A UK regulator fined Clearview just over £7.5m this week, for a variety of data protection breaches. So what can insurers learn from this ruling? I can see lessons for the sector on a number of levels.
Takes All = Winner?
There’s been an argument in insurance circles for many years now that if the insurer thinks a piece of data could signal something about the risk they’re taking on, then the insurer has the right to collect that data. In more recent years, the influence of analytics has caused this to morph into the view that any piece of data might tell the insurer something about risk. As a result, insurers increasingly felt they had the right to collect any and all data, to check if it might influence the risk. So the narrative went.
The challenge for the sector from this Clearview ruling is around what an insurer might be reasonably expected to collect. I suspect that ‘the right to collect any and all data’ would not be judged reasonable. Just because it might influence a risk (and only statistically at that) may not be enough.
Such a challenge is backed up by recent research in the US, about the types of rating factors that auto insurance policyholders thought it reasonable for insurers to use (more here). It fell well short of what insurers would like to use. And in the UK, research in 2020 by the sector’s trade body reveal high levels of mistrust about how insurers collect data and what they then do with it.
Clearview’s business model, of collecting as much image data as possible, in case a client might find it useful, is pretty similar to insurers’ ‘right to collect any and all data’ thinking. Insurers need therefore to think about recalibrating what is reasonable to collect, and have justifications for continuing to do the collecting they do. Those justifications should be set not just in terms of adverse selection, but in terms of privacy and consumer attitudes as well.
The dramatic rise in the number of suspected fraudsters in UK insurance (more here) over the last few years points not so much to there being lots more tricky customers around, but to a widening of the criteria. A near three fold increase over three years feels very much like a strategic move to capture more data to fine tune counter fraud decisions systems, and to set their scope of assessment much wider. The problem however is that this also feels rather close to the Clearview business model. Something along the lines of ‘if we do not know about them, how can we catch them if they do decide to do something’.
I’ve been told that this is needed in order to catch criminals. In this context, that’s a weak argument, simply because of what it says on this data’s tin – they’re suspected only. Two other points further weak it. Firstly, what is meant by ‘suspected’ is defined by the sector, not the law. And secondly, the degree of suspicion is scaled from a little to a lot.
Smile for your Underwriter
We know that an insurer has been funding research into how the smiles of people in online photos can be used as a predictor of mental health problems (more here). And it is not hard to then see how this could be used, through the scaping of online images, to underwrite such people differently. It’s pretty similar to scaping words off social media posts to guess something about the person’s character.

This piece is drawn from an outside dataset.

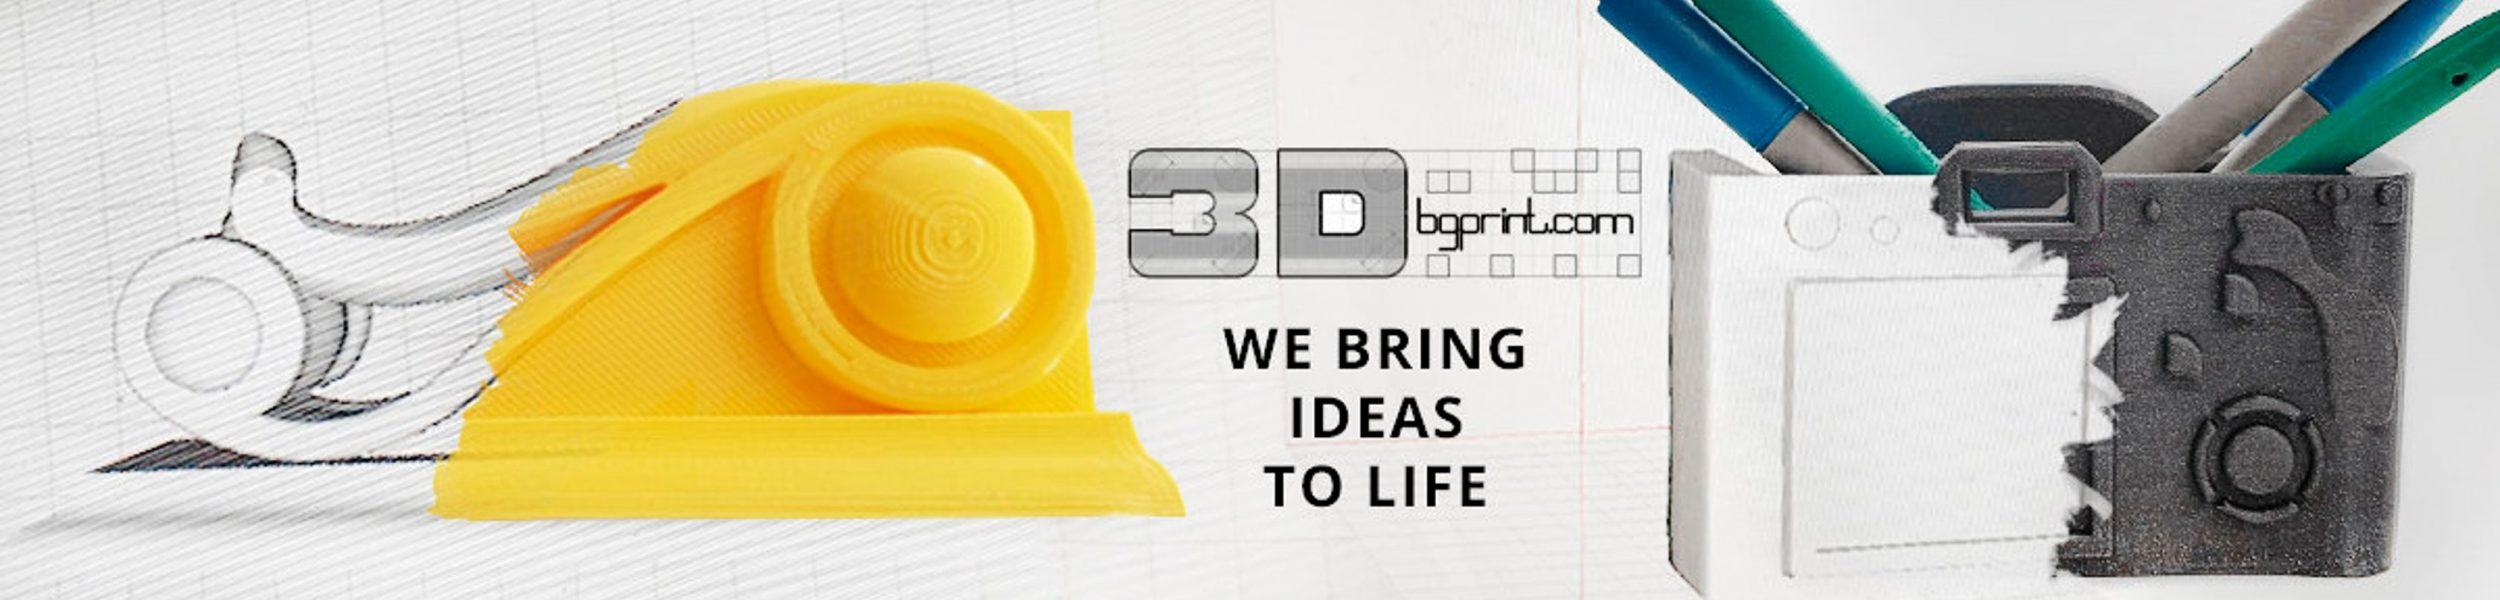 3Dbgprint modeling

What the Clearview ruling does is set out the regulator’s attitudes to such wholesale scraping of online data. So while a view widespread across the sector that if something’s on the internet, then it’s free for an insurer to use, this Clearview ruling runs pretty counter to that.
So if an insurer has been scraping personal data off the internet, it will need to start assessing how much of that data it can keep, and how much will need to be deleted. That’s why I’ve been saying of late that data ethics needs now to be considered as a trigger for your business continuity plans.
It looks like the UK data protection regulator has been concentrating on the upstream side - data brokers and software houses. I wonder if this is part of a strategy to target the upstream first, in order to then send signals to firms more downstream, such as insurers. Something along the lines of ‘you know what you have to do now’.
The challenge for insurers will be around interpreting those signals. There’s a tendency in the sector for insurers to see themselves as special cases, due to the nature of the risk at the heart of their business. That can only be taken so far however, and needs to be carefully controlled. So I worry that some insurers will just view the Clearview ruling as nothing to do with them, and so simply dismiss it. That would be a risky move.